EXERCISE AIM — Drop the images, then output the listing exactly.

INFORMATION SUPPLIED —

■ ■ ■ ■

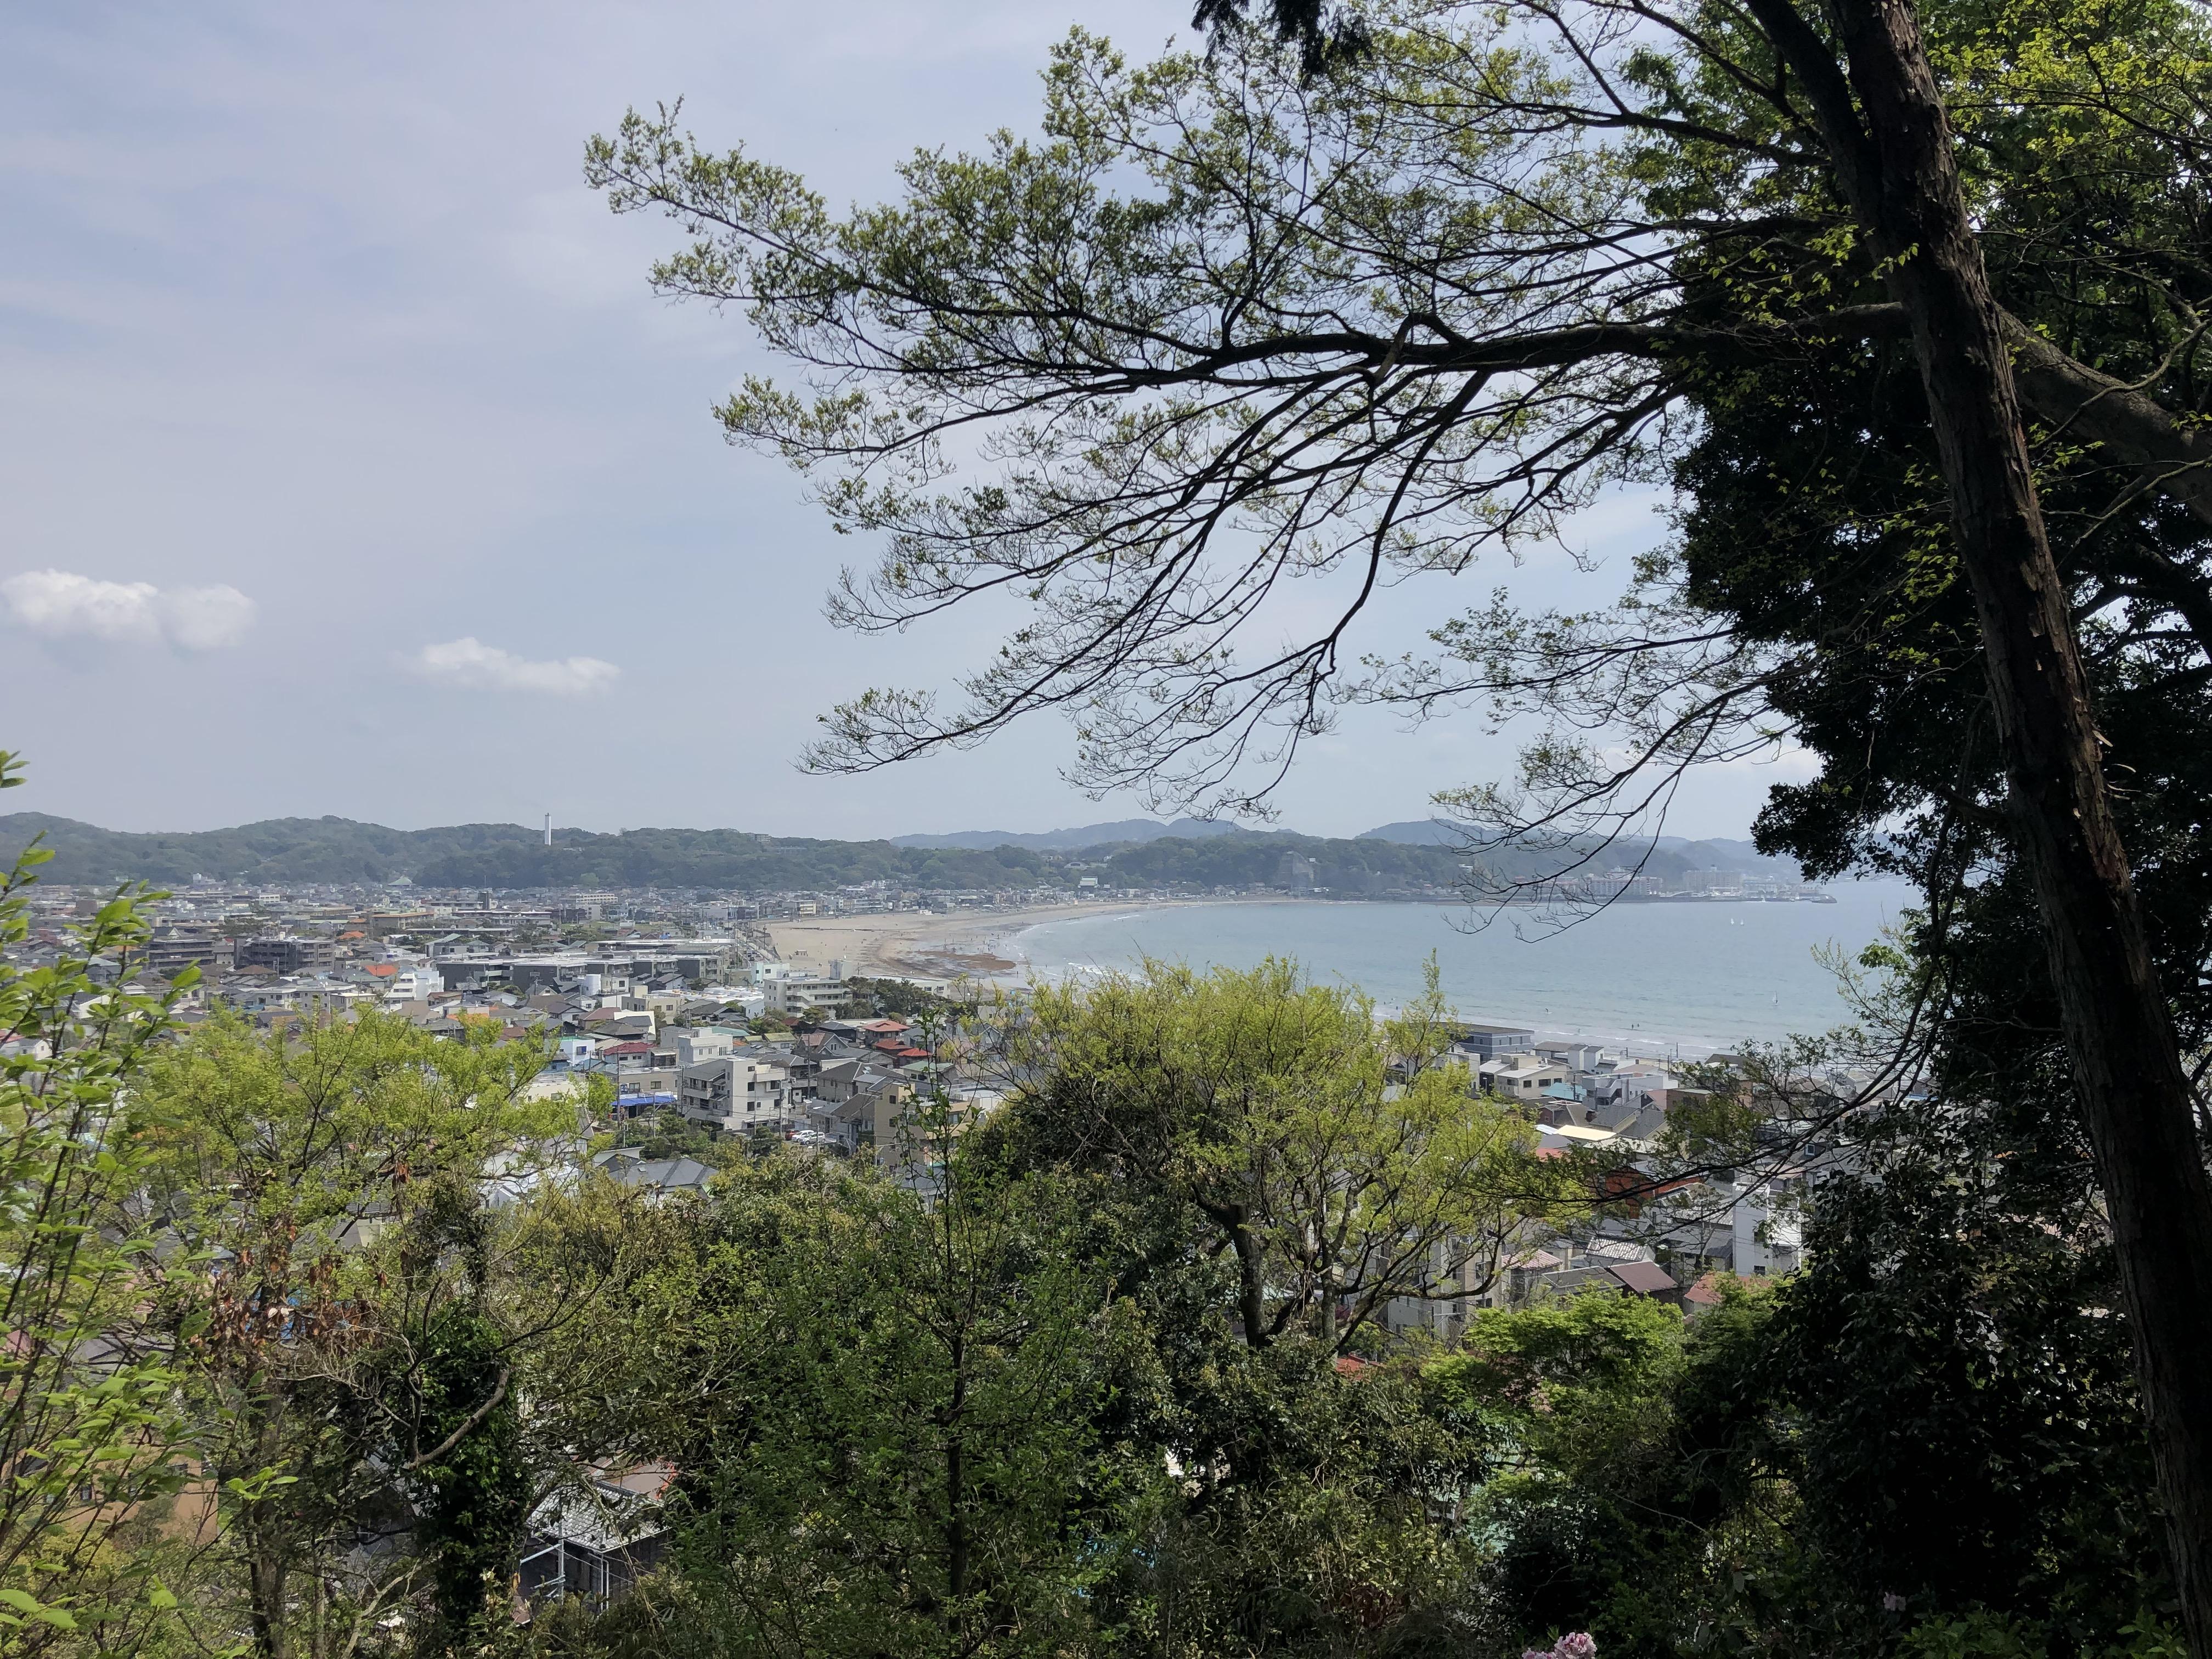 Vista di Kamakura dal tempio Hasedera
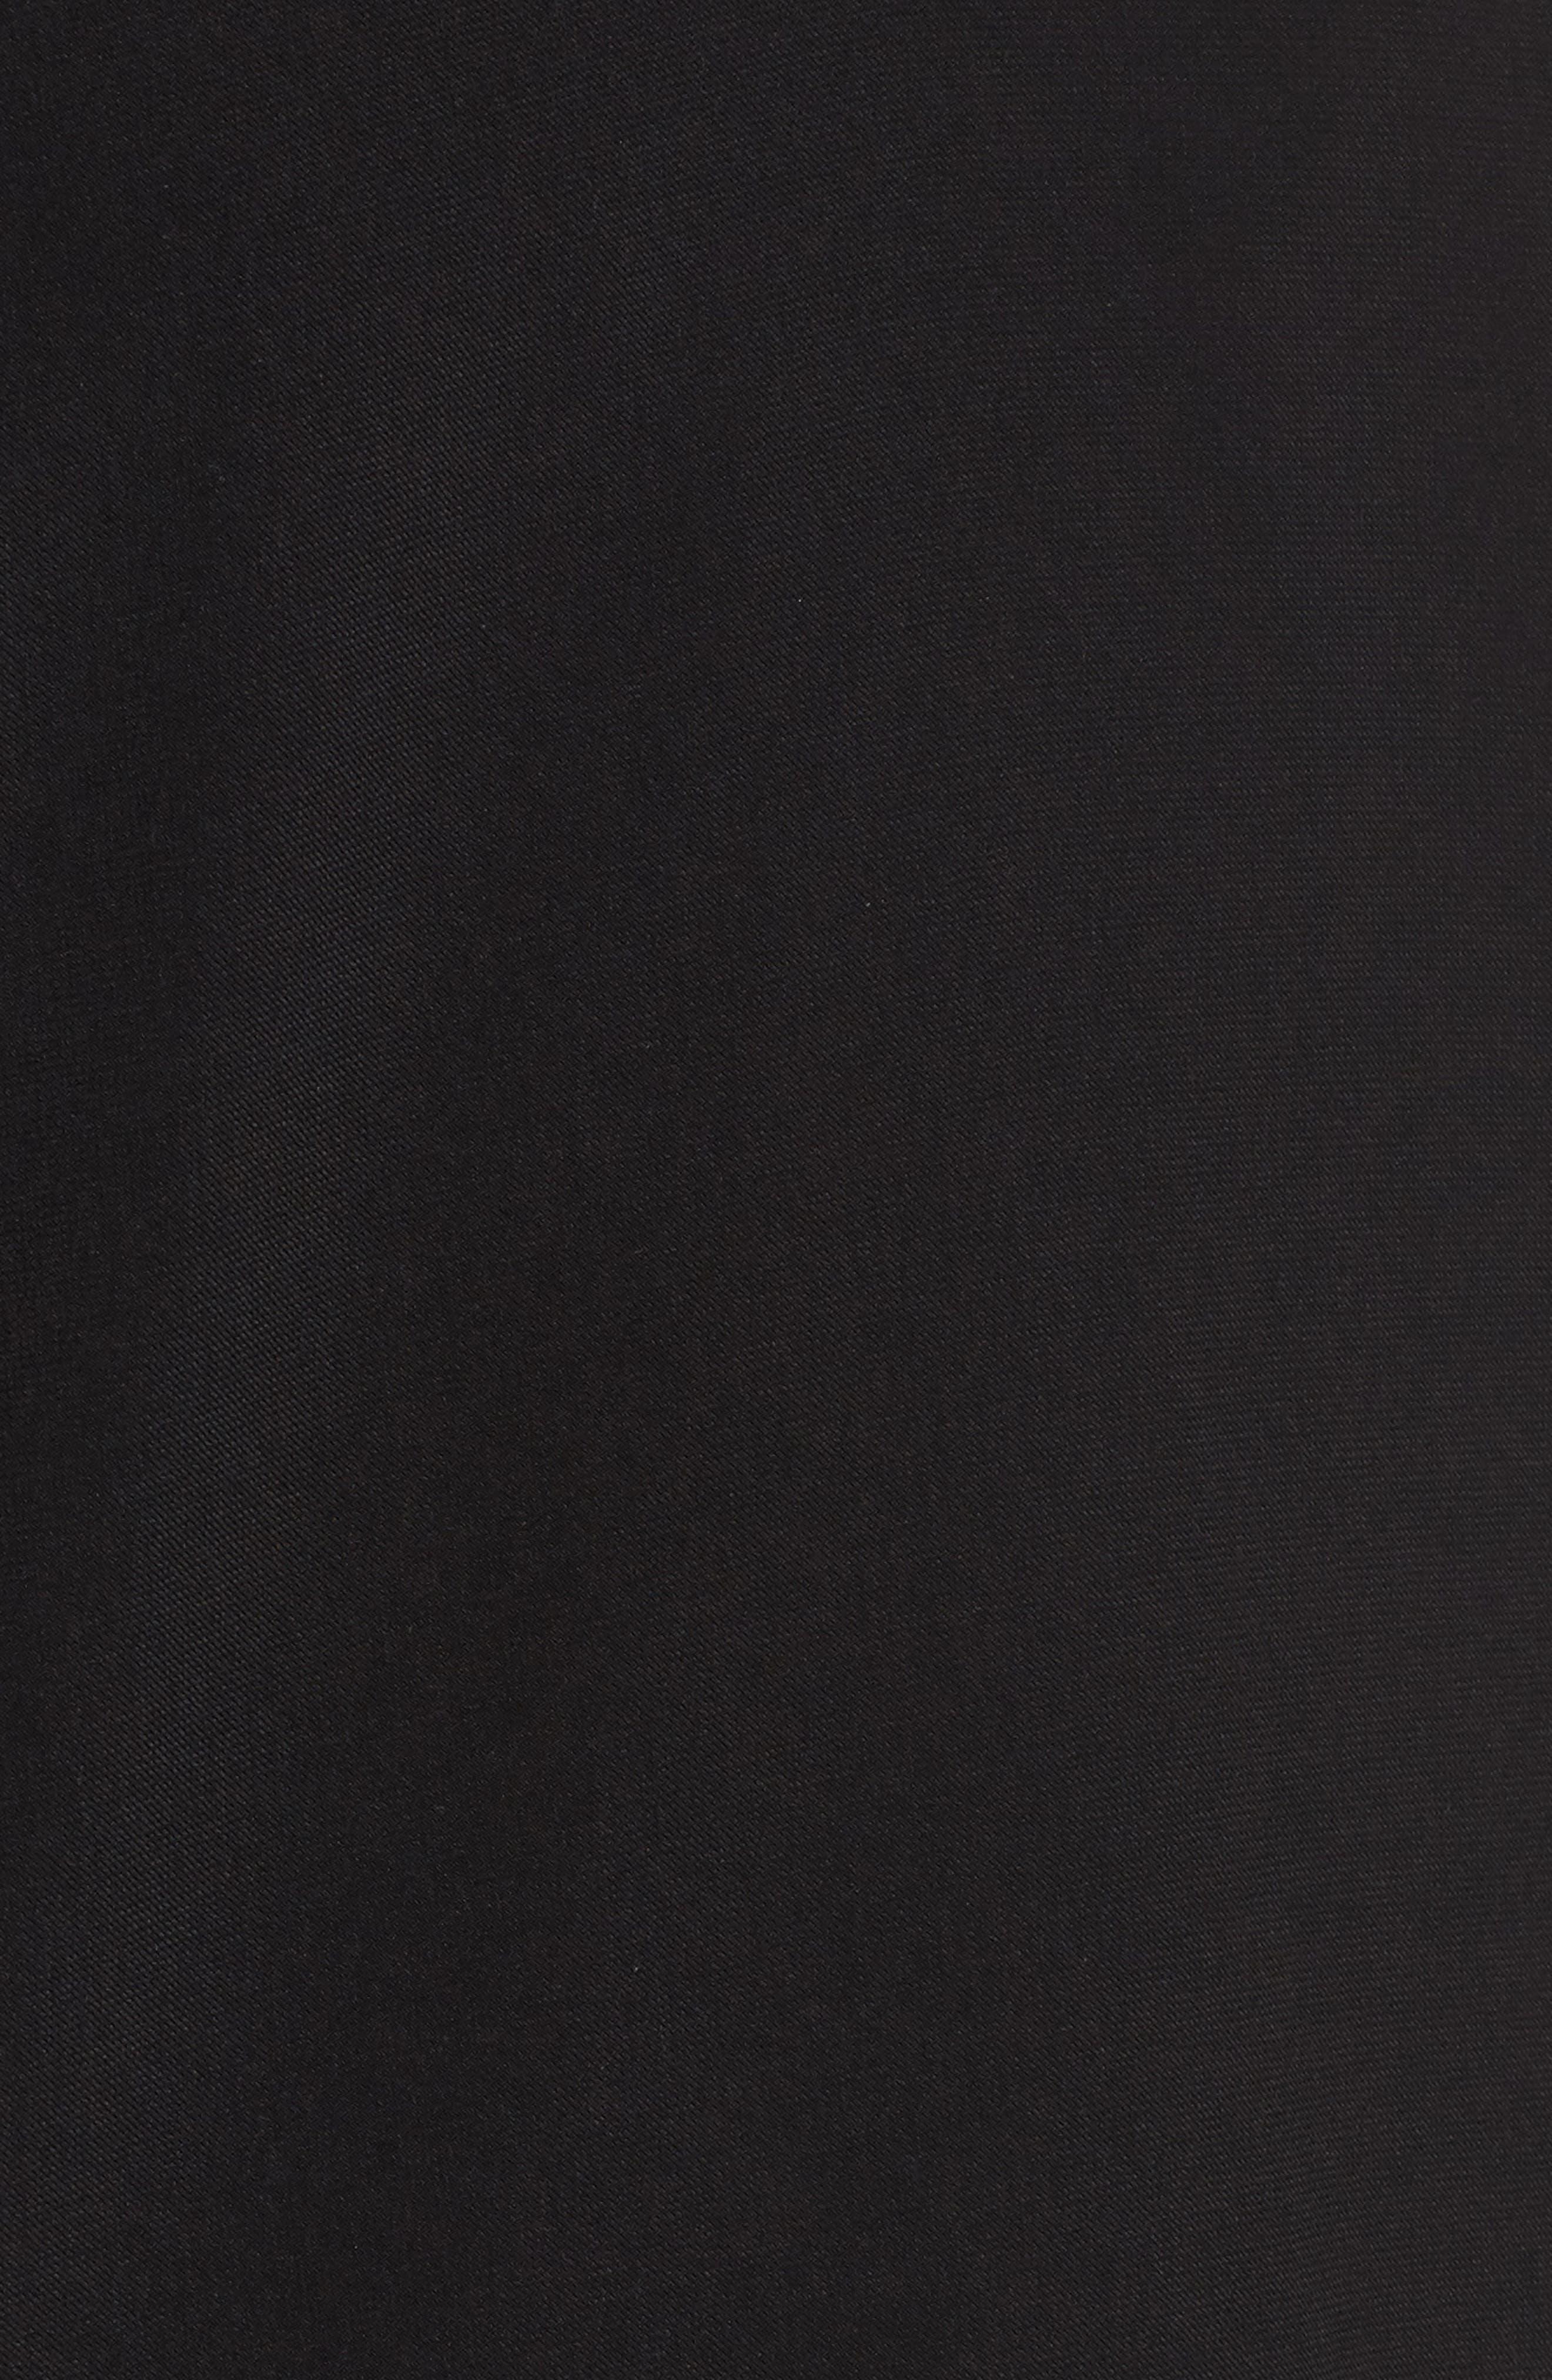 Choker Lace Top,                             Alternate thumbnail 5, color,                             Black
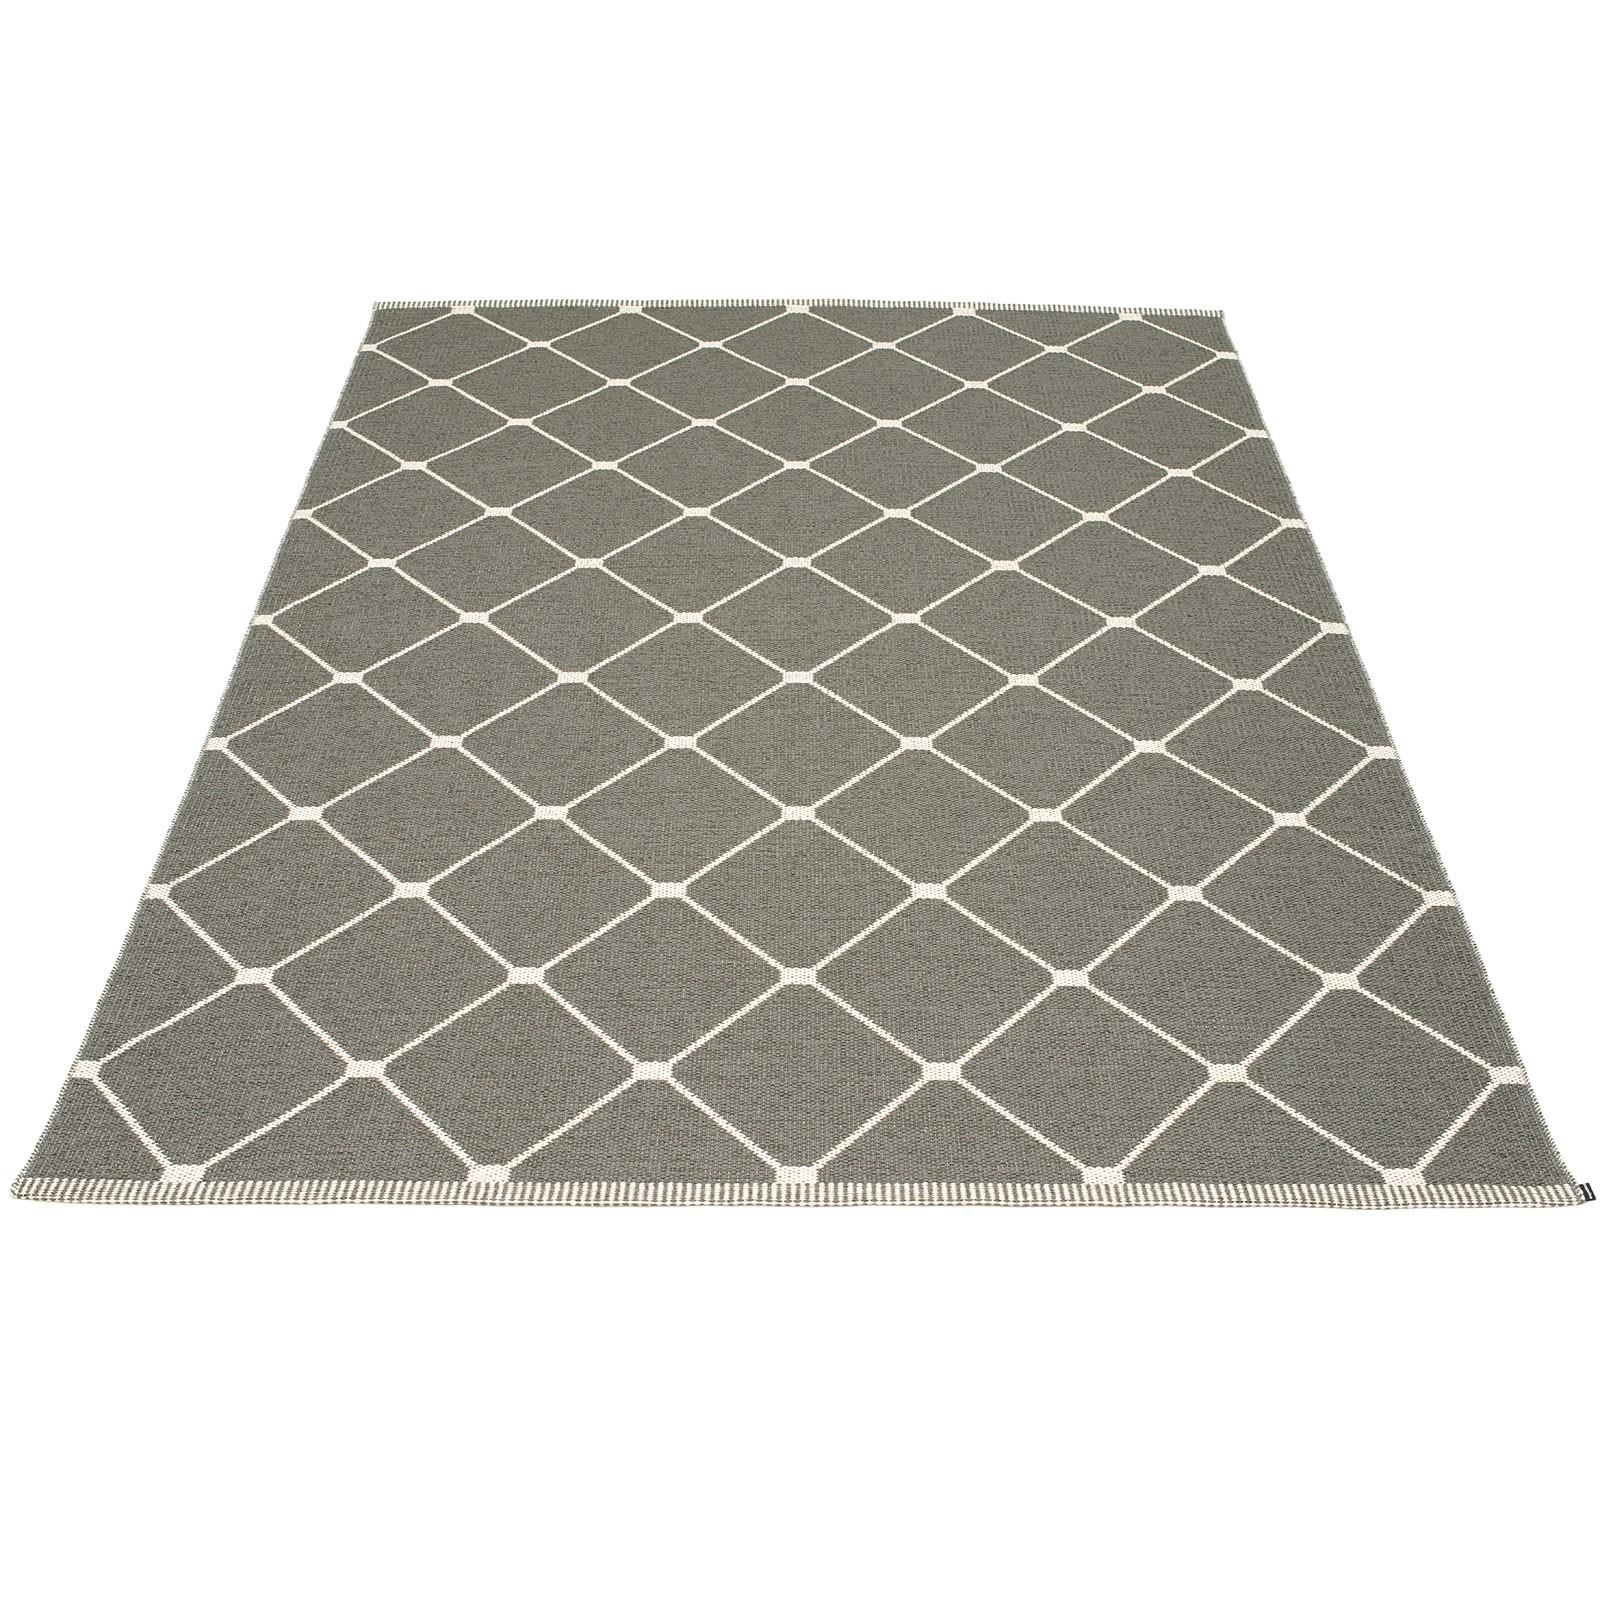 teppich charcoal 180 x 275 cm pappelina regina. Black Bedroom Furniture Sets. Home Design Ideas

■ ■ ■ ■

WRITTEN SOLUTION —
 Vista di Kamakura dal tempio Hasedera
 Choker Lace Top,                             Alternate thumbnail 5, color,                             Black
 teppich charcoal 180 x 275 cm pappelina regina. Black Bedroom Furniture Sets. Home Design Ideas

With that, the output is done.